3 See: V.P. Lystsov, Persidskiy pokhodPetra I. 1722-1723, Moscow, 1951, p. 87.

4 S.M. Soloviev, Istoria Rossii s drevneyshikh vremen, in 15 books, Moscow, 1963, Book IX, Vols. 17-18, Ch. 1, p. 372.

5 See: Russkiy vestnik, Vol. 68, 1867, p. 557.

After defeating Sweden and signing the Peace of Nystad in 1721, Peter the Great began preparing for the march on the Caucasus in earnest. The political context in the region and the Middle East was favorable. Artemy Volynskiy, the governor of Astrakhan, urged the emperor to start the march in 1722. Peter the Great decided to move in the summer so as to prevent Turkish interference and to join the Caucasian Caspian coast to Russia. On 15 May, 1722 the czar set off for Astrakhan to start his land and sea march, which took eighteen months to complete. This was how Russia’s pressure in the Caucasus began.

On 18 July, 1722 Admiral Count Apraksin led the fleet from Astrakhan to the Caspian Sea.

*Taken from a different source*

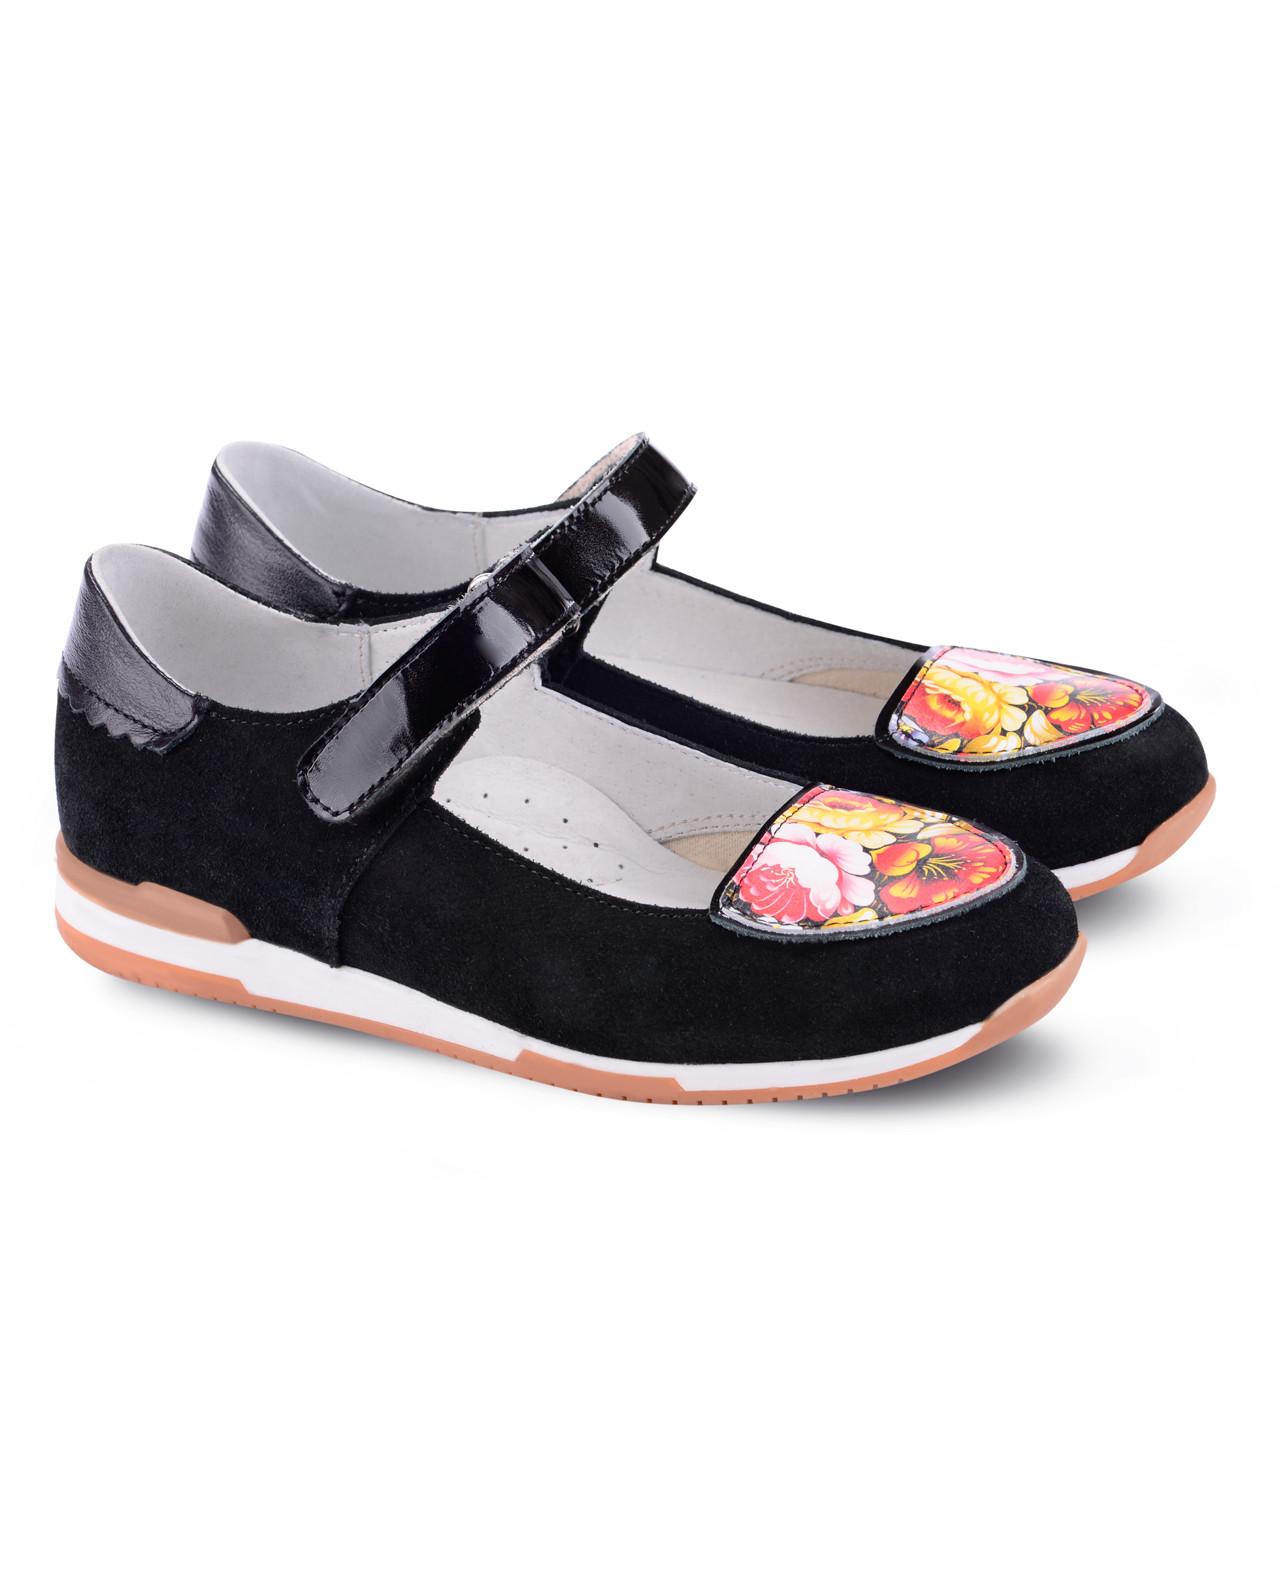 Туфли Детские, Tapiboo Этника (44507, 31 )Обувь для школы<br>Туфли. Красота и элегантность. Широкий, <br>устойчивый каблук, специальной конфигурации <br>«каблук Томаса». Каблук продлен с внутренней <br>стороны до середины стопы, чтобы исключить <br>вращение (заваливание) стопы вовнутрь (пронационный <br>компонент деформации, так называемая косолапость, <br>или вальгусная деформация). Многослойная, <br>анатомическая стелька со сводоподдерживающим <br>элементом для правильного формирования <br>стопы. Благодаря использованию современных <br>внутренних материалов позволяет оптимально <br>распределить нагрузку по всей площади стопы <br>и свести к минимуму ее ударную составляющую. <br>Жесткий фиксирующий задник надежно стабилизирует <br>голеностопный сустав во время ходьбы. Подкладка <br>из натуральной кожи обладает повышенной <br>износостойкостью в сочетании с мягкостью <br>и отличной способностью пропускать воздух <br>для создания оптимального температурного <br>режима (нога не потеет).<br>Размер INT: M; Цвет: Красный; Ширина: 100; Высота: 200; Вес: 1000;

Three days before that Peter the Great issued a manifesto in the local languages to be dispatched to Tarki, Der-bent, Shemakha, and Baku, in which he said that two subjects of the shah—Daud-bek and Surkhay Khan— had rebelled, captured Shemakha, and robbed Russian merchants, inflicting heavy losses on Russia and humiliating it as a great power.6

After two days at sea, Peter the Great and his navy arrived at the mouth of the Terek River, he ordered to move further on, to the mouth of the Sulak River. On 27 July, the army landed on the Agrakhanskiy Peninsula and started building a fortified camp. The land troops moving across the Astrakhan steppes went in the same direction. After crossing the Sulak, Peter entered Daghestan. Some of the Daghestani feudal lords, the Andereevskiy ruler among them, tried to resist. The Kostekovskiy and Aksai rulers and the Shamkhal of Tarki, however, hastened to assure Russia of their loyalty, while Shamkhal Adil-Girey demonstrated his benevolence. On 6 August, Peter the Great was welcomed with honor not far from Aksai: the Shamkhal of Tarki presented the Russian emperor with 1,600 bulls harnessed to carts, 150 bulls to be eaten by the Russian troops, as well as three Persian horses and a saddle inlaid with gold. Adil-Girey declared that while in the past he had been a loyal servant of the Russian czar, from that time on he would serve him “with more zeal” and offered his troops.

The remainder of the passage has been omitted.